### Your goal
Give back only the lines in the records below from the one with "Toddler Boxy Pullover - Hibiscus" to the one with "Hunting Hounds in", both inclusive, word for word.

### Source information
◇ ◇ ◇ ◇ ◇
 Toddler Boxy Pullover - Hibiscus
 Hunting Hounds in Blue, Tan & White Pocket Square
◇ ◇ ◇ ◇ ◇
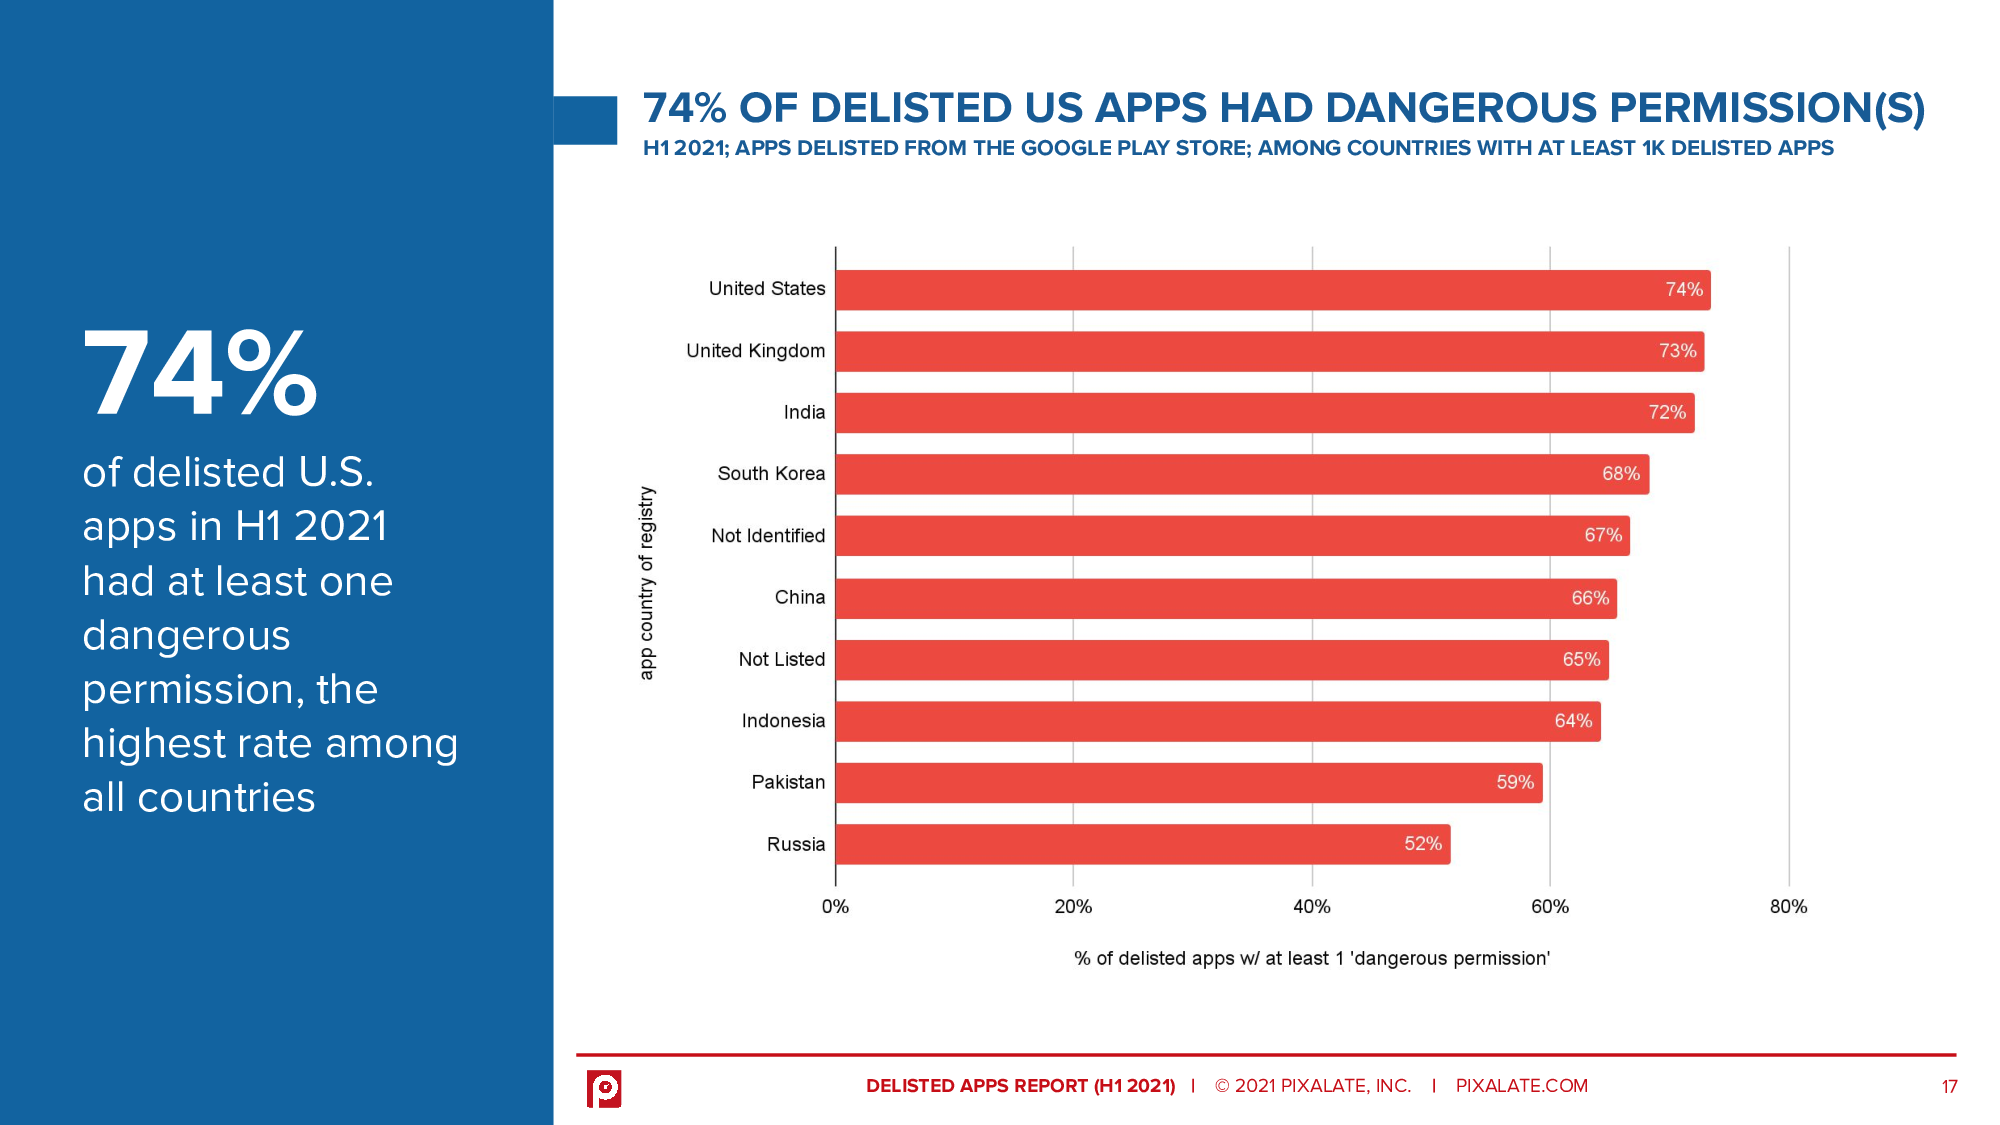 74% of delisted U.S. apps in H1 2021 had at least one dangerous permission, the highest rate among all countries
◇ ◇ ◇ ◇ ◇
### Reply
 Toddler Boxy Pullover - Hibiscus
 Hunting Hounds in Blue, Tan & White Pocket Square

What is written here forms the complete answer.